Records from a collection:

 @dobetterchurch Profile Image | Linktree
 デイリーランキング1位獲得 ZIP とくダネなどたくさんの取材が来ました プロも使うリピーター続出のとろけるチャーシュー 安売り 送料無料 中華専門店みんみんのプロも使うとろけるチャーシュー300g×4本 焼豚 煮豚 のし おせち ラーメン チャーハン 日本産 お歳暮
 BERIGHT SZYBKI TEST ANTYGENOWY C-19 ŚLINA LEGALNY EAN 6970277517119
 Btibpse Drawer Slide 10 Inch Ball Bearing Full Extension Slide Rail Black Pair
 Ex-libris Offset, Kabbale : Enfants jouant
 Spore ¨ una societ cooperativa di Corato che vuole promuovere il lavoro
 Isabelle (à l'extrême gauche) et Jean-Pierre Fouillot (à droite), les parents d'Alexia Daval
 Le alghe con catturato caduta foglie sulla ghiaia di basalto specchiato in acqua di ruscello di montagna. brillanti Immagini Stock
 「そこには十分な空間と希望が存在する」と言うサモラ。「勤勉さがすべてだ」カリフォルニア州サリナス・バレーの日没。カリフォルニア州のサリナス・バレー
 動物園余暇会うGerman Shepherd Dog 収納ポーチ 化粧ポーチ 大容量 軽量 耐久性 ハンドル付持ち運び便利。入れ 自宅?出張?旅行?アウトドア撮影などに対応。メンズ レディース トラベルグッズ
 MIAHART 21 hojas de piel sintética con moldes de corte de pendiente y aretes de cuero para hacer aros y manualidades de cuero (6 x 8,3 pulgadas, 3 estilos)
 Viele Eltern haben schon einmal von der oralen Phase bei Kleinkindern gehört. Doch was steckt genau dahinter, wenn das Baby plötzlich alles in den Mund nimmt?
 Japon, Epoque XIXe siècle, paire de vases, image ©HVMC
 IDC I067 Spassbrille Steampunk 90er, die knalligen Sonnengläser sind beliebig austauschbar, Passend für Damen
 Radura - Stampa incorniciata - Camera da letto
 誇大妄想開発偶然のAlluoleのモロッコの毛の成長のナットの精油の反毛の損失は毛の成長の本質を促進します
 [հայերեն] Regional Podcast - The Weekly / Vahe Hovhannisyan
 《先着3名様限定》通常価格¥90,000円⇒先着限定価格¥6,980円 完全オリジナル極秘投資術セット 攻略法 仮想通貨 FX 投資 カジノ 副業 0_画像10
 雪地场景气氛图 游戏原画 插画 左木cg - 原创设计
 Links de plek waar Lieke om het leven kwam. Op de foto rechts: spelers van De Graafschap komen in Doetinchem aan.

### Exercise description
Could you give again exactly the lines from the line containing "Isabelle (à l'extrême" through the final line of the data above, and no others?

### Written solution
 Isabelle (à l'extrême gauche) et Jean-Pierre Fouillot (à droite), les parents d'Alexia Daval
 Le alghe con catturato caduta foglie sulla ghiaia di basalto specchiato in acqua di ruscello di montagna. brillanti Immagini Stock
 「そこには十分な空間と希望が存在する」と言うサモラ。「勤勉さがすべてだ」カリフォルニア州サリナス・バレーの日没。カリフォルニア州のサリナス・バレー
 動物園余暇会うGerman Shepherd Dog 収納ポーチ 化粧ポーチ 大容量 軽量 耐久性 ハンドル付持ち運び便利。入れ 自宅?出張?旅行?アウトドア撮影などに対応。メンズ レディース トラベルグッズ
 MIAHART 21 hojas de piel sintética con moldes de corte de pendiente y aretes de cuero para hacer aros y manualidades de cuero (6 x 8,3 pulgadas, 3 estilos)
 Viele Eltern haben schon einmal von der oralen Phase bei Kleinkindern gehört. Doch was steckt genau dahinter, wenn das Baby plötzlich alles in den Mund nimmt?
 Japon, Epoque XIXe siècle, paire de vases, image ©HVMC
 IDC I067 Spassbrille Steampunk 90er, die knalligen Sonnengläser sind beliebig austauschbar, Passend für Damen
 Radura - Stampa incorniciata - Camera da letto
 誇大妄想開発偶然のAlluoleのモロッコの毛の成長のナットの精油の反毛の損失は毛の成長の本質を促進します
 [հայերեն] Regional Podcast - The Weekly / Vahe Hovhannisyan
 《先着3名様限定》通常価格¥90,000円⇒先着限定価格¥6,980円 完全オリジナル極秘投資術セット 攻略法 仮想通貨 FX 投資 カジノ 副業 0_画像10
 雪地场景气氛图 游戏原画 插画 左木cg - 原创设计
 Links de plek waar Lieke om het leven kwam. Op de foto rechts: spelers van De Graafschap komen in Doetinchem aan.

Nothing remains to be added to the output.